*** Record extracts Section Begins ***

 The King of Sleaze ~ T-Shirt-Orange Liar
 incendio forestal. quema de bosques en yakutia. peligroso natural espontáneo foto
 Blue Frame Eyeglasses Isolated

*** Record extracts Section Ends ***
*** Record extracts Section Begins ***

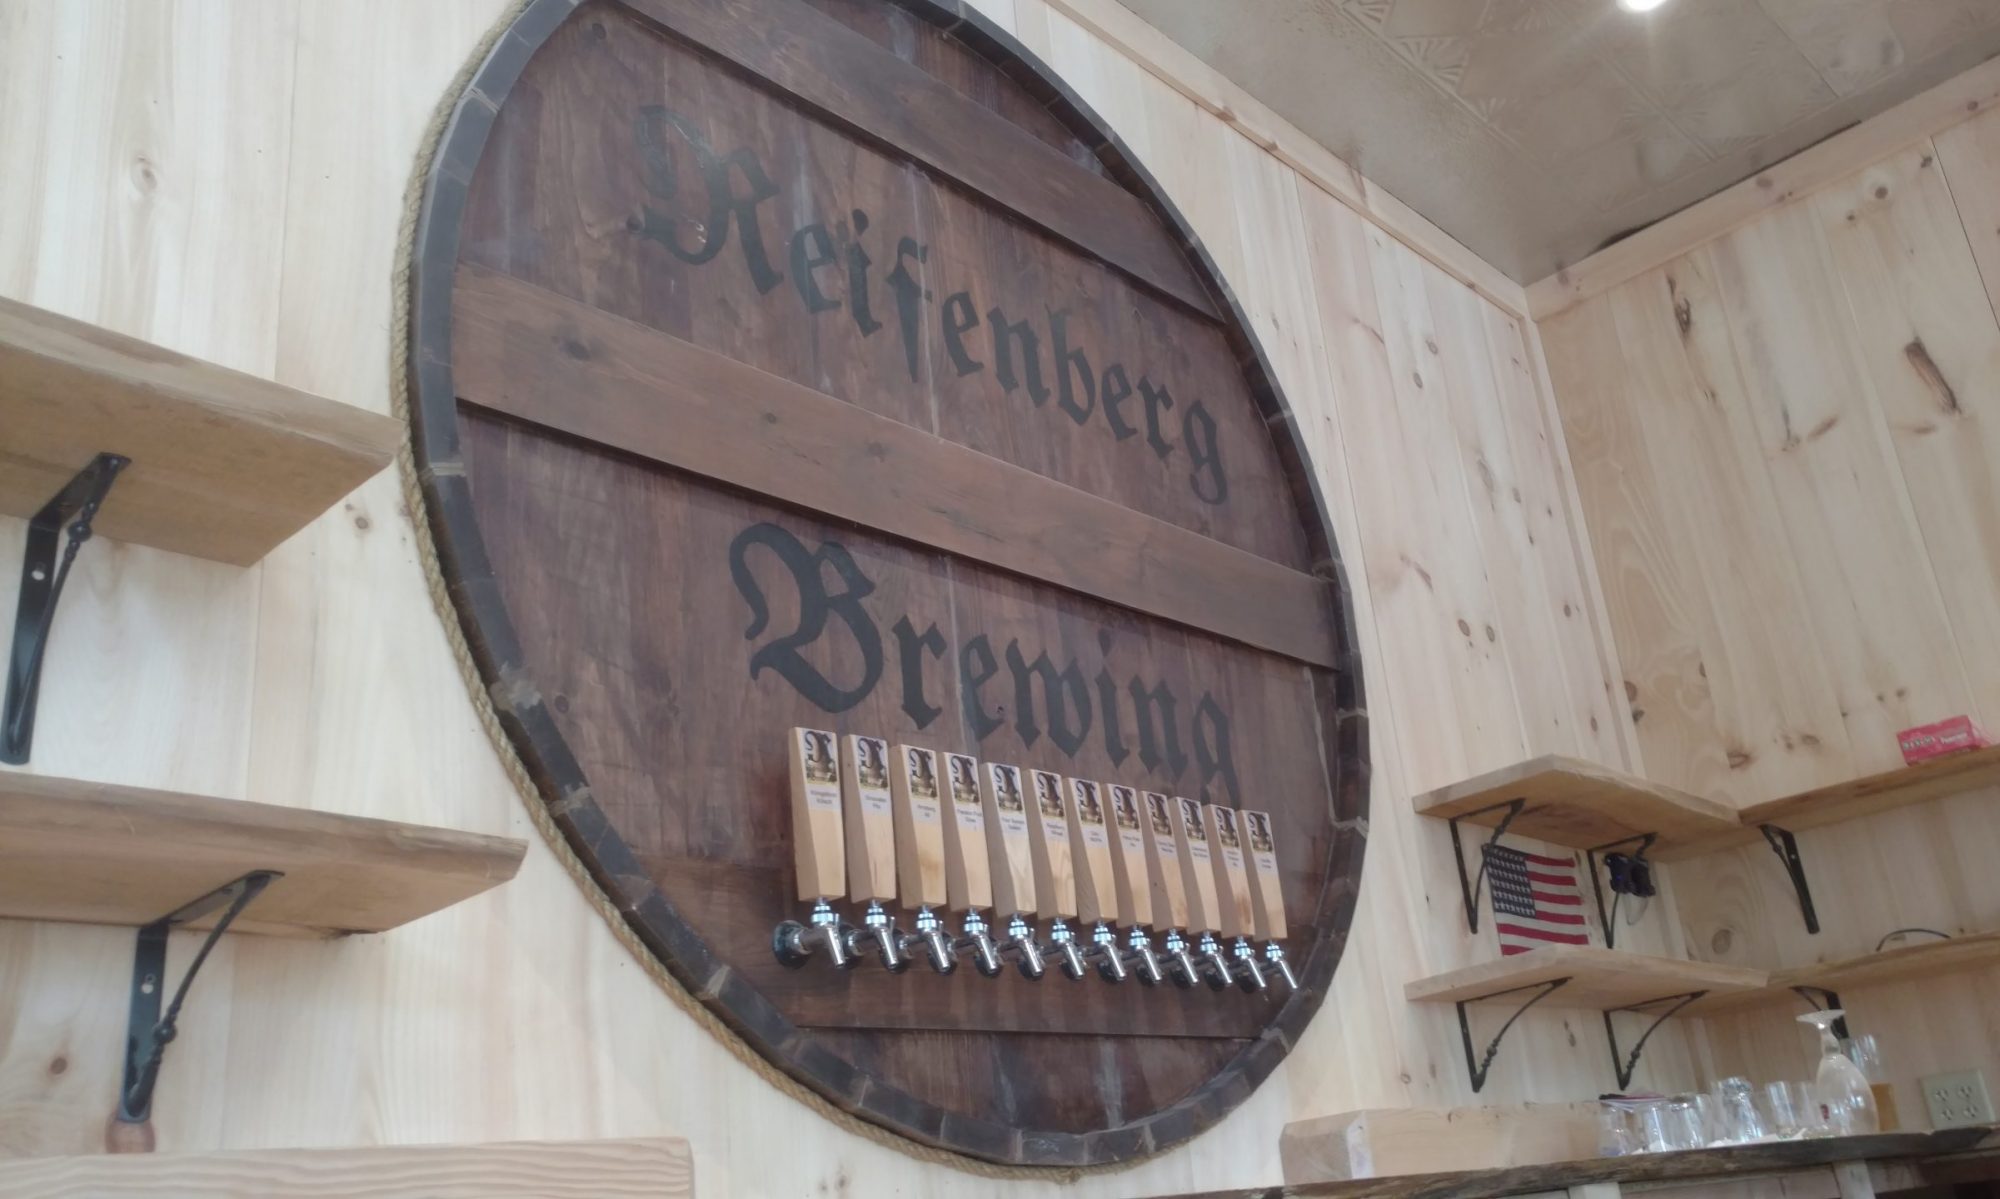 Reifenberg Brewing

*** Record extracts Section Ends ***

> **Exercise objective**: Please give an exact copy of the lines above, beginning with the line containing "The King of Sleaze ~ T-Shirt-Orange Liar" and running through the line containing "Blue Frame Eyeglasses Isolated", and of no other lines.

> **Response to the exercise**:
 The King of Sleaze ~ T-Shirt-Orange Liar
 incendio forestal. quema de bosques en yakutia. peligroso natural espontáneo foto
 Blue Frame Eyeglasses Isolated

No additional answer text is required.